До первой Профессии – первых временных обетов, то есть до дачи торжественного обещания «Я буду здесь жить!», три года проходили в тяжелом труде. Нам практически не предоставлялось ни личного времени, ни пространства. И сработаться с теми, с кем судьба столкнула тебя впервые, было совсем нелегко. Кроме пятикратного моления, тихих часов размышлений и общих богослужений, в остальное время приходилось ох как не сладко. Тишина во время молитв в перерывах меж трудовыми послушаниями помогала отвлечься, облегчая трудности плотного графика, смягчая непонимание, раздражение и охлаждая гнев между людьми, которым приходилось постоянно находиться бок о бок. Однако, слава Богу, было то, что объединяло всех нас, какие бы конфликты ни возникали во время различных послушаний, будь то стирка, подготовка мессы или уборка. Хотя бы в одном все мы, восемь кандидатов, сохраняли единодушие, а именно – прием пищи и распитие вина…
В год нашего поступления Бенедиктинский орден основал обитель в Китае. Все монастыри должны были достичь автономности благодаря труду, и до нас дошли слухи, что та обитель занялась производством вина. А так как там спрос на вино был еще не высок, наш монастырь решил поддержать заграничную братию и закупил два контейнера их продукции, чтобы использовать во время месс и одаривать благотворителей. Два контейнера – это несказанно много. Винное хранилище было буквально завалено бутылками. И все мы, восемь братьев, при каждом удобном случае захаживали туда и прихватывали с собой пару лишних бутылок под разными предлогами, коих искать – не переискать: то потребовалось вино для мессы, то по просьбе наставника… Пожилой брат, немец, ответственный за хранение и раздачу вина, то ли действительно верил нам на слово, то ли, переживая, что до наступления конца света запасы не успеют истощиться, всегда без каких-либо затруднений выдавал нам бутылки, сколько бы мы ни запрашивали.
После комплетория – заключительной молитвы в восемь часов – в обители наступало время великой тишины, и длилась она до утрени на рассвете.
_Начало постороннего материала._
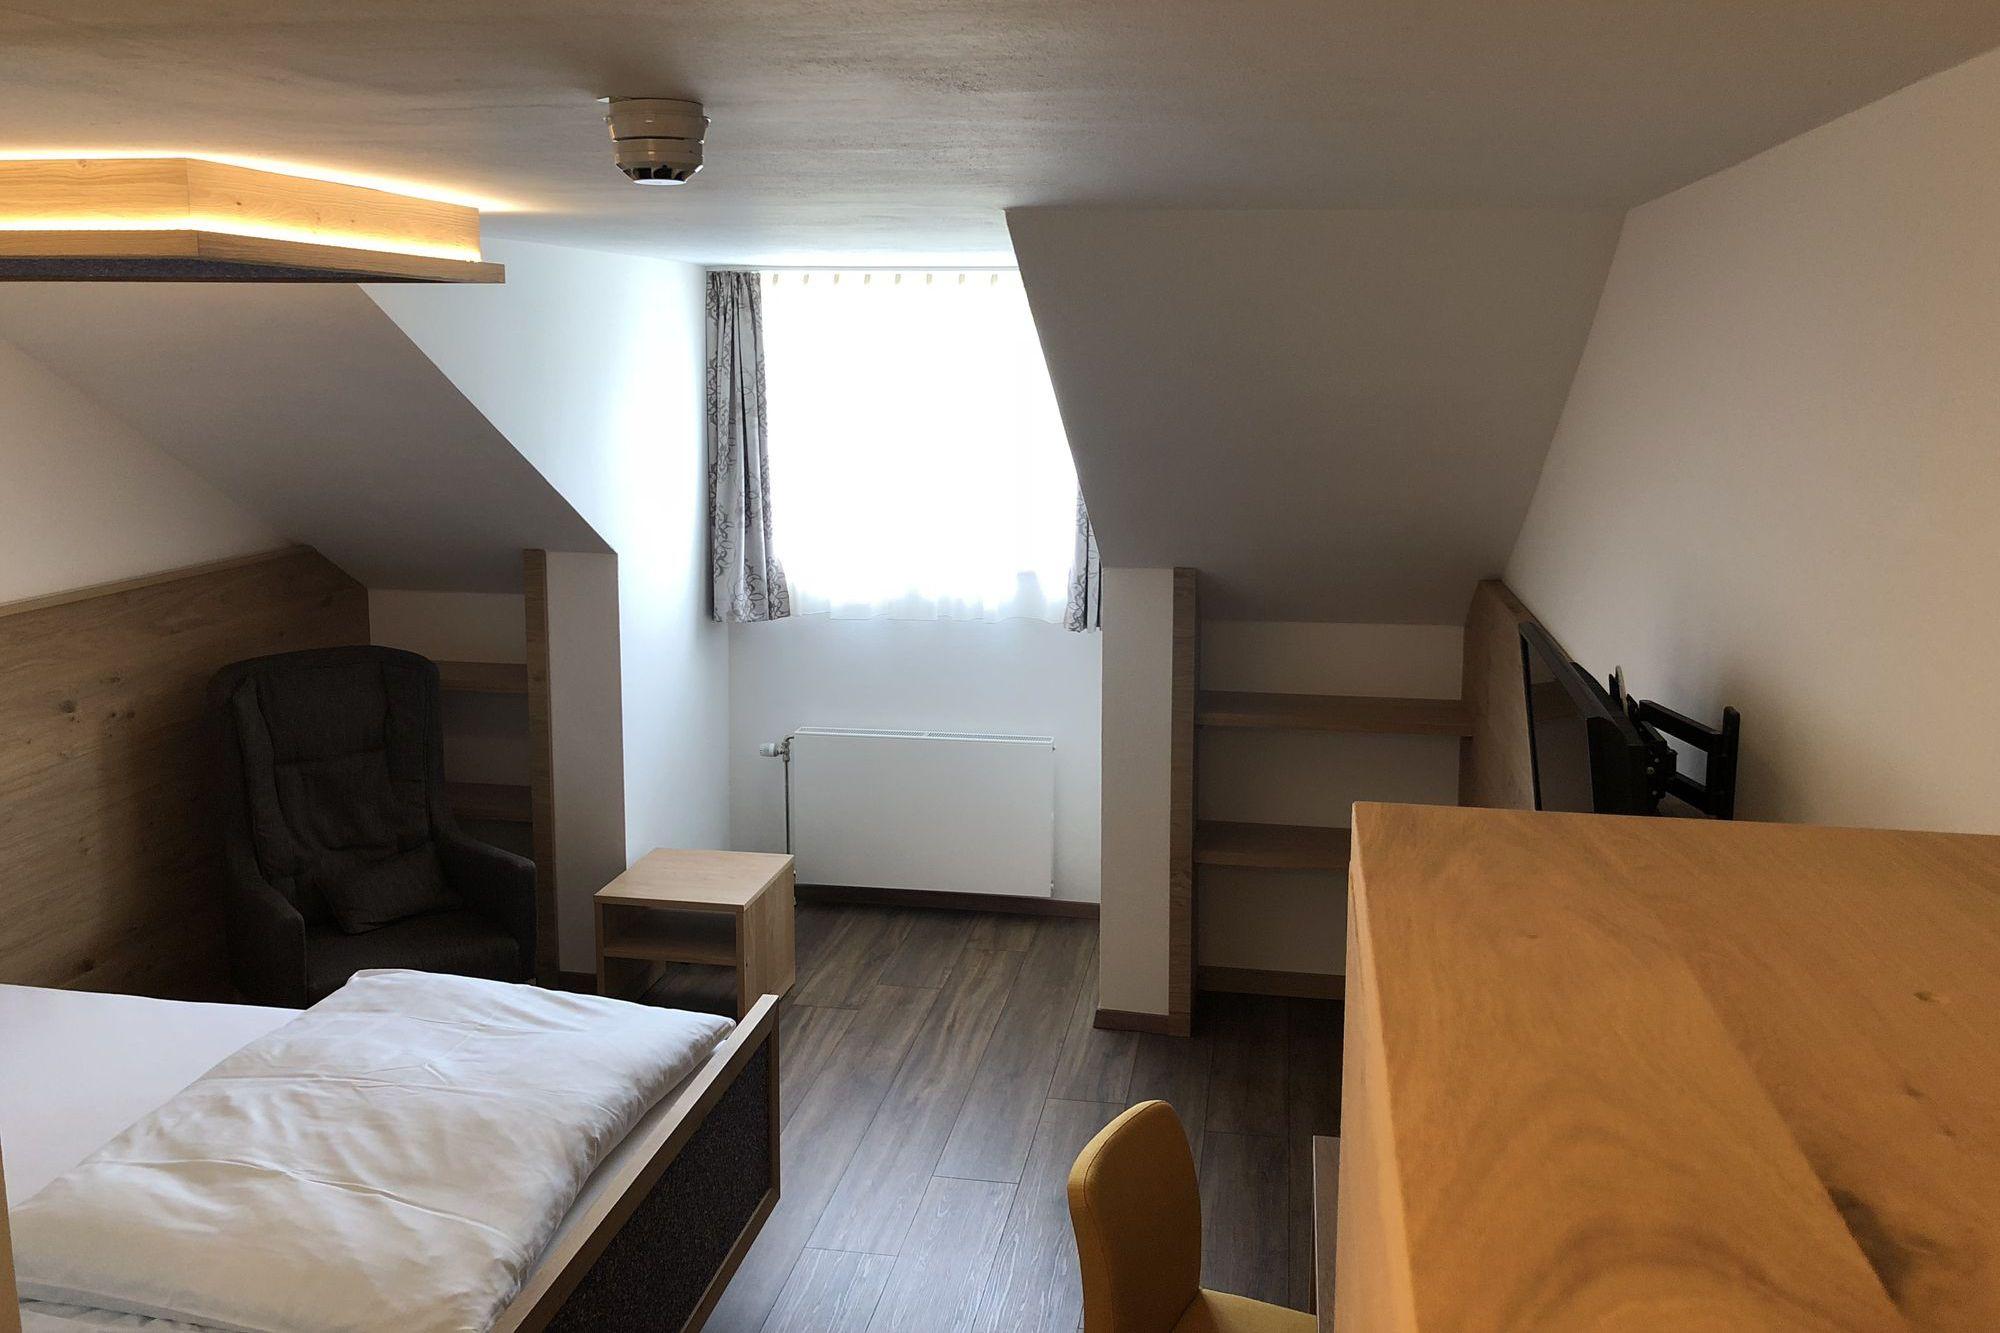 http://www.hotelbinder.de/wp-content/uploads/einzelzimmer1_2.jpg

Послушники должны были погасить свет в общей комнате и сделать это не позднее половины десятого. Именно в это время отец-магистр проверял, потушен ли свет в дормитории, и уходил в свою келью. После этого наша восьмерка один за другим вскакивала с постелей, завешивала одеялами окна в общей комнате, чтобы свет не просочился наружу, и наливала вино до краев в огромную миску, утащенную нами из столовой и предназначенную вообще-то для холодной лапши. В эту металлическую посудину влезала целая бутылка вина. В полутьме мы пускали эту миску по кругу и отпивали по очереди. Нам, молодым здоровым парням, и одного круга хватало для того, чтобы опустошить эту бадью. Порой мы закусывали добытыми из кухни колбасками, а иногда обходились и вовсе без ничего.
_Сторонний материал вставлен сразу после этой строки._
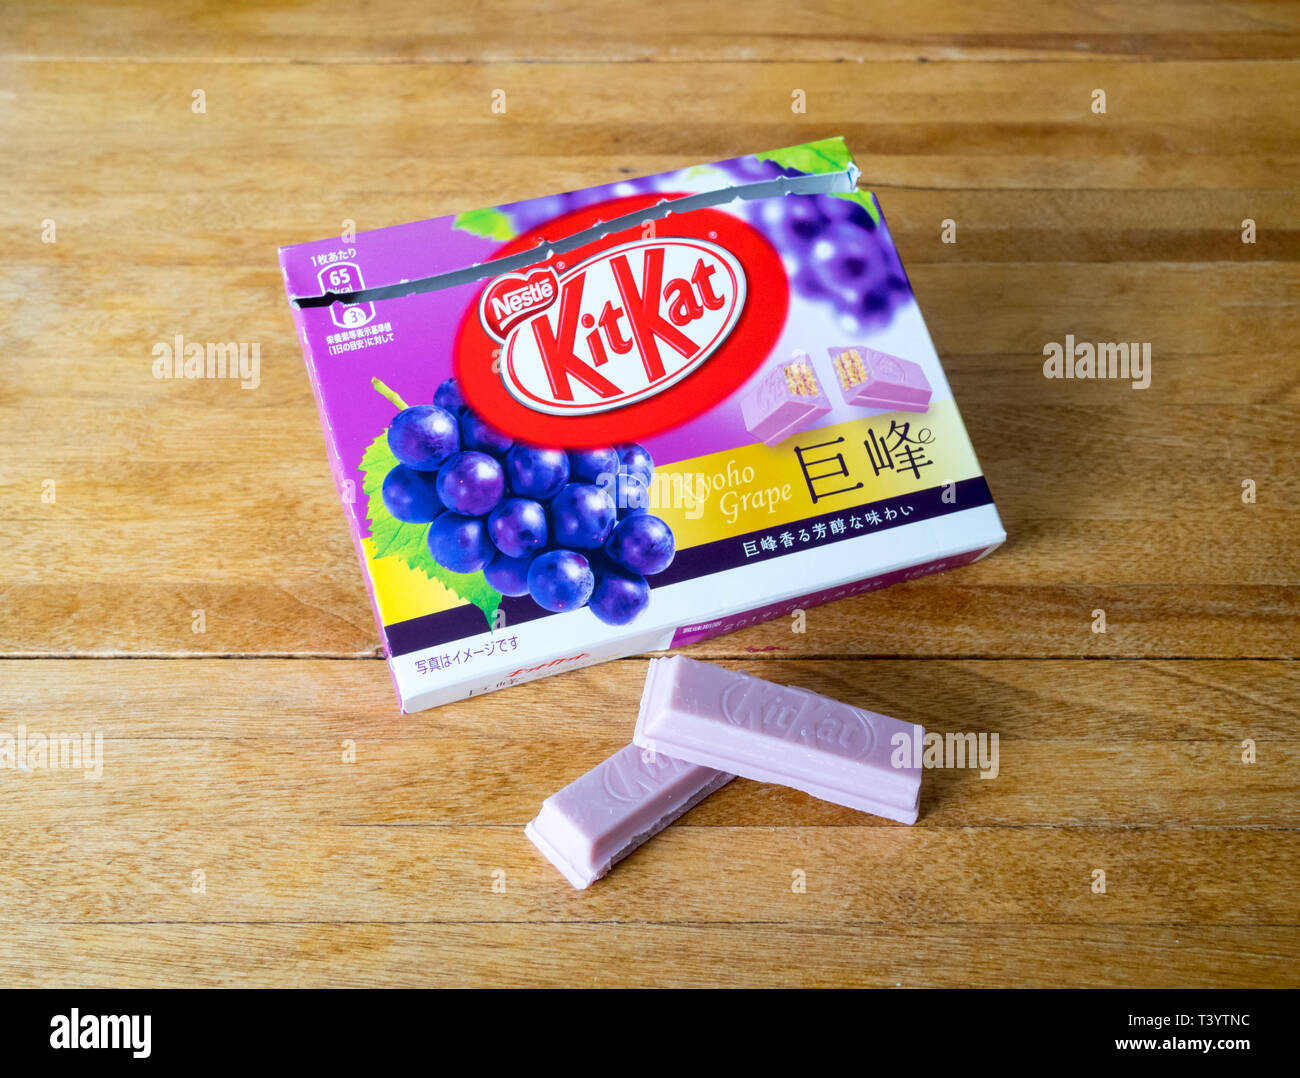 A Japanese Kyoho Grape Kit Kat chocolate bar. - Stock Image

Оглядываясь назад, я думаю, что, хоть это вино и не было освящено, нам оно служило гораздо большим утешением, чем вино освященное. Бывало, мы потешались, пародируя престарелых братьев, а порой у нас разгорались жаркие споры на почве веры. Мы могли поплакать над рассказом брата про его мучительные переживания из-за проблем, оставленных им дома, а могли проворочаться без сна до утра из-за воспоминаний о матерях, речь о которых случайно заходила во время таких вот посиделок… Так помаленьку мы избавлялись от следов мирской жизни, оставленной нами за стенами монастыря, познавали всю тяжесть труда и устремляли свои взоры туда, куда можно вознестись, лишь отдав себя этому без остатка. Ежедневно на рассвете в четыре сорок проезжал тот самый поезд, сотрясая окрестности, а ровно в пять с колокольни изливался по небу звон.
По воскресеньям после окончания мессы нам позволяли отдохнуть несколько часов. И, возможно, поэтому к утренней трапезе в этот день на каждом столике появлялось по бутылке вина – то есть бутылка на четверых. А раз нас было восемь, то, получается, полагалось целых две. Однако нам, уже поднаторевшим в распитии вина, этого явно оказывалось мало. Выхлебав за один присест положенное, словно воду, мы только распаляли свой аппетит… Пожилые братья, закончив трапезу, как бы невзначай молча ставили свои недопитые бутылки нам на стол и, подмигивая, уходили. Так в нашем распоряжении оказывалось бутылок пять. Помимо того, что это была возможность пить вино открыто за столом из стаканов, каждый из нас мог спрятать и унести по бутылке.
Но какими бы молодыми и заядлыми ночными выпивохами мы ни были, выпитое средь бела дня вино, конечно же, заливало краской наши лица и заплетало языки. И вот однажды, подняв головы от стола, мы обнаружили выросшего как из-под земли нашего наставника.
– Я же говорил: на каждый столик – по одной бутылке! По одной!
Оказалось, что мы и не заметили, как на двух наших столах выстроились в ряд аж пять пустых бутылок.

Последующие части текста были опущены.